Now, my own experience of tweeting at the Fest suggested that tweets were multilingual. Apart from the fourth day, there seemed to be a large number of French-speaking participants. A quick-and-dirty (for now) language detection exercise revealed that roughly 60% of tweets were in English, 25% in French, the rest being split between different languages especially German, Spanish, and Catalan. So, did people reply to each other based on the language of their tweets? It turns out that quite a few tweeters were involved in conversations in multiple languages. Figure 5 is a variant of Figure 4, colouring nodes and ties differently depending on language. A nice mix: interestingly, the central cluster is not monolingual and in fact, is kept together by a few, albeit small, multi-lingual tweeters.
Let’s turn now to mentions: who are the most mentioned tweeters? Again, I’ll take out of the analysis @OuiShareFest, hugely ahead of anyone else with 832 mentions received. Below, Figure 6 ranks the most mentioned: mostly companies (partners or sponsors of the event such as MAIF), speakers (such as Nathan Schneider, Nilofer Merchant), and key OuiShare personalities (such as Antonin Léonard). Mentions follow the programme of the event, and most mentioned are people and organizations that play a role in shaping it.
Mentions are also a basis to build another social network – of who mentions whom in a tweet. This will be a larger network compared to the net of replies, as mentions can be of many types and also include retweets (which as we saw above, are very numerous here). There are 17248 mentions (some of which are repeated more than once) in the network. They involve 796 users who mention others and are mentioned in turn; 550 users who are mentioned, but do not mention themselves; and 1680 users who mention others, but are not themselves mentioned.
A large network such as this is more difficult to visualize meaningfully, and I had to introduce some simplifications to do so. I have included only pairs in which one had mentioned the other at least twice: this makes a network of 778 nodes with 2222 ties. The color of nodes depends on their modularity class (a group of nodes that are more connected with one another, than with any other nodes in the network) and their size depends on the number of mentions received. You will clearly recognize at the center of the network, the official @OuiShareFest account, which structures the bulk of the conversations.

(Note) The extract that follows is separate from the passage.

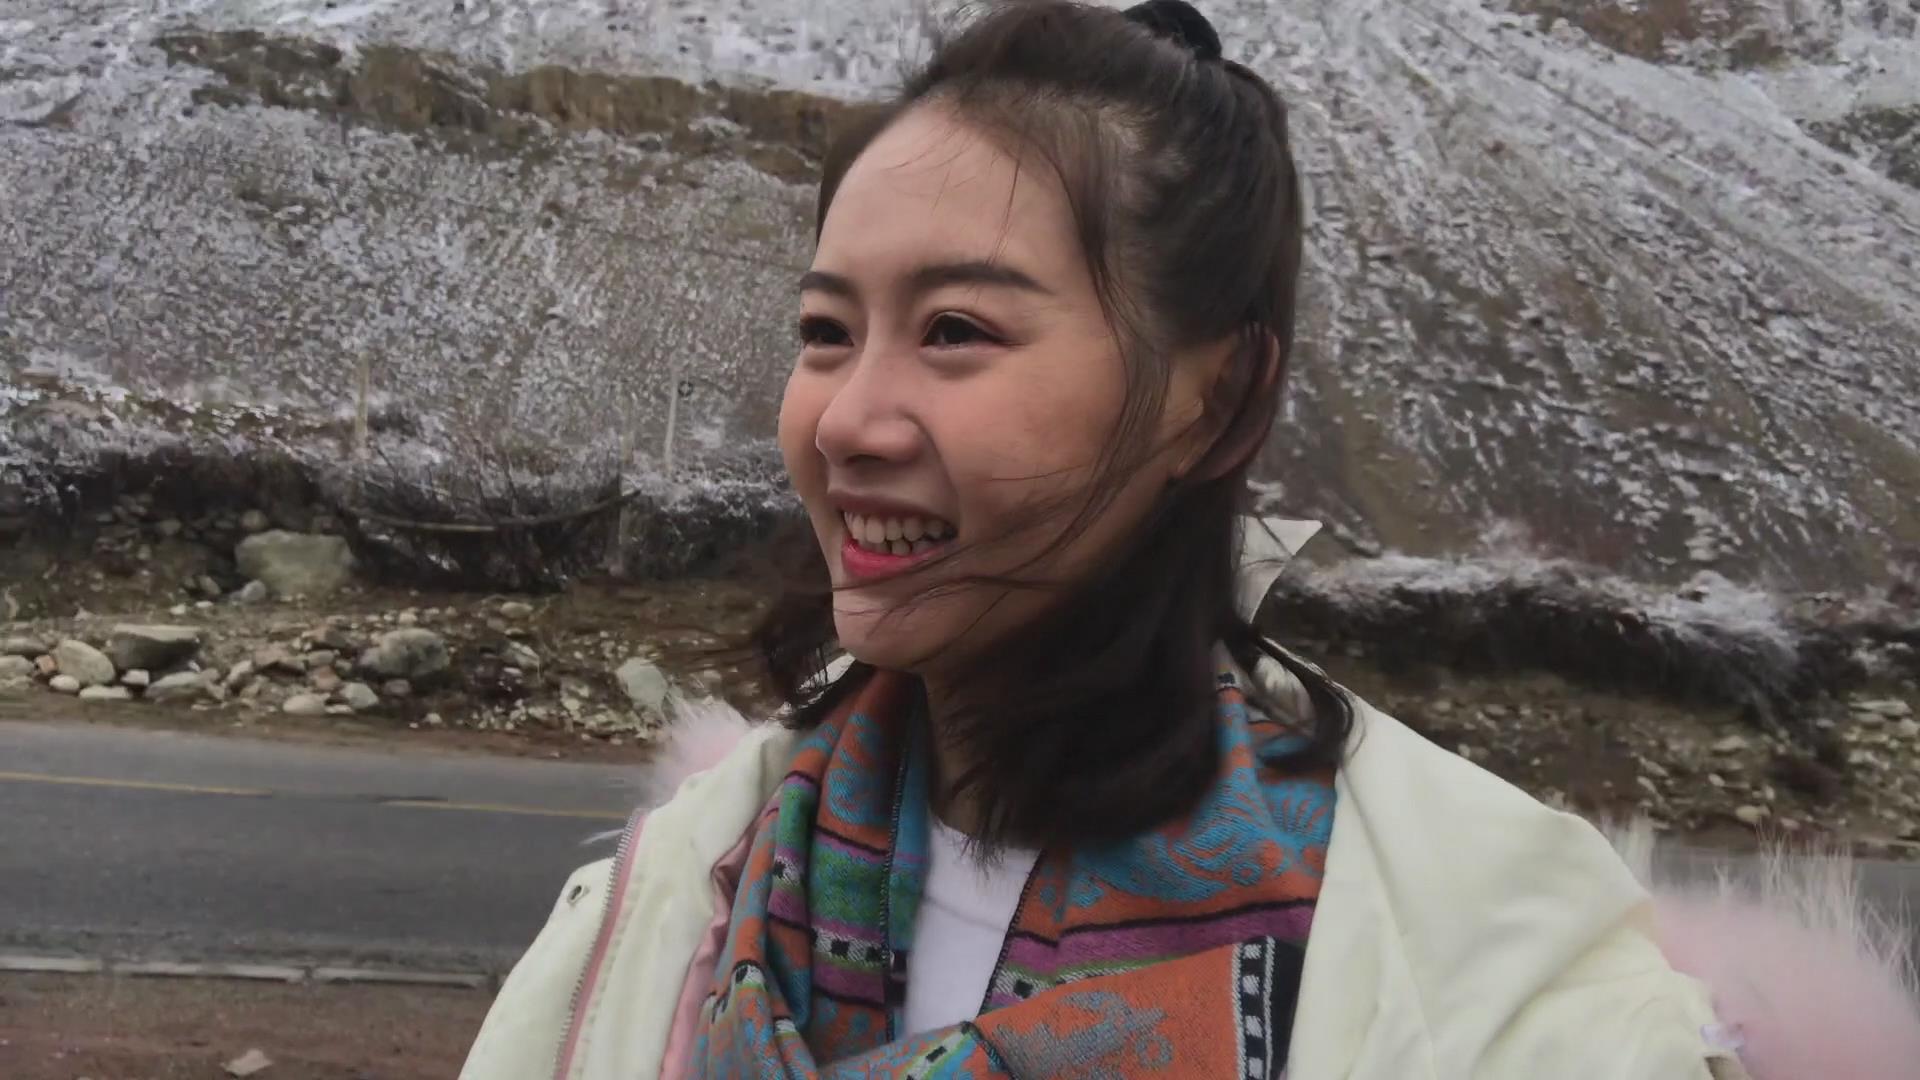 滇藏线游记第四天 妹子雪山斗牦牛 到达波密桃花沟

But even intuitively, other actors seem central as well, and their role deserves being examined more thoroghly (in some future, less preliminary analysis).
This analysis is part of a larger research project, “Sharing Networks“, led by Antonio A. Casilli and myself, and dedicated to the study of the emergence of communities of values and interest at the OuiShare Fest 2016. Twitter networks will be combined with other data on networking – including informal networking which we are capturing through a (perhaps old-fashioned, but still useful!) survey.
The analyses and visualizations above were done with the packages TwitteR and igraph in R; Figure 7 was produced with Gephi.